One of the best ways to treat this imbalance is with Testosterone replacement therapy. Testosterone is usually given as a cream or a gel which is rubbed into the skin so that it goes directly into the blood stream, this will usually restore blood Testosterone levels back to the normal range for women but it can take a few months to notice the full effect. Testosterone for women is still not licensed on the NHS but can be prescribed unlicensed by private menopause clinics with careful monitoring.
Benefits of normal Testosterone levels
Normal Testosterone levels contributes to a healthy sex drive and enhances the mood, it can help with sexual response and the ability to orgasm during sexual intercourse. Proper Testosterone levels can play a large part in determining your level of energy, quality of your mood and mental function. Normal Testosterone can help maintain muscle health and helps to regulate muscle mass.
Can Testosterone be prescribed on its own?
Testosterone is usually given to women who are also taking Hormone Replacement Therapy (HRT) and are experiencing ongoing persistent symptoms of loss of libido, fatigue/low energy and cognitive symptoms. A baseline Total Testosterone blood level should be taken prior to considering starting on Testosterone replacement therapy to ensure that the level is low, also an Oestrogen blood level is useful in determining that there is absorption of current HRT, as Oestrogen level should be optimised before considering commencement of Testosterone replacement.

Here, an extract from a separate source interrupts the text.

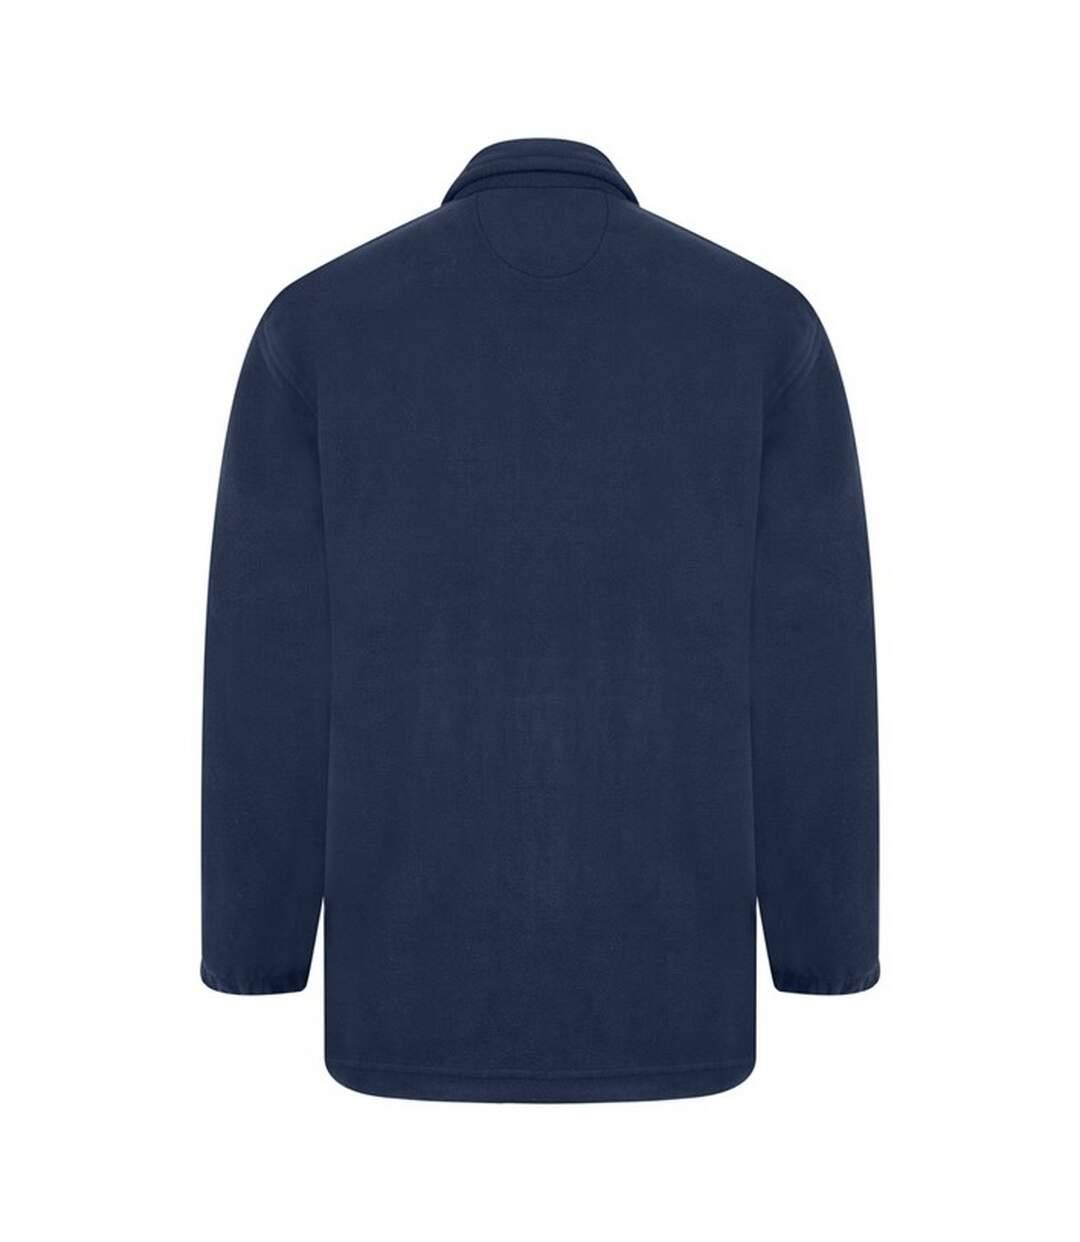 Absolute Apparel - Polaire Zippée Heritage - Homme (Bleu marine) - UTAB128

What are the current treatment options?
The most commonly used Testosterone replacement treatments are Androfem Cream, Testogel, Tostran and Testimgel these are all currently prescribe off license for females. Testosterone cream or gel should be applied to clean dry skin usually abdomen, upper thighs or forearm and should be allowed to dry completely before dressing always wash your hands straight after applying and the area of application should not be washed for 2 – 3 hours after application. Dosage will vary depending on the product, your practitioner will discuss this with you.
When should Testosterone be avoided or used with caution?
Women with active liver disease or a hormone sensitive breast cancer should avoid Testosterone replacement. Women with an upper normal or high baseline Total Testosterone level should not be started on Testosterone replacement. Competitive athletes must take care to maintain Total Testosterone levels within normal female range.
What are some of the side effects and risks of Testosterone replacement?
Adverse effects of Testosterone in women are uncommon if levels are maintained within female range. The commonest are excess hair growth, acne and weight gain which are reversible with reduction in dosage or discontinuation. Alopecia, deepening of voice and clitoral enlargement are very rare.
Do we need to monitor Testosterone levels?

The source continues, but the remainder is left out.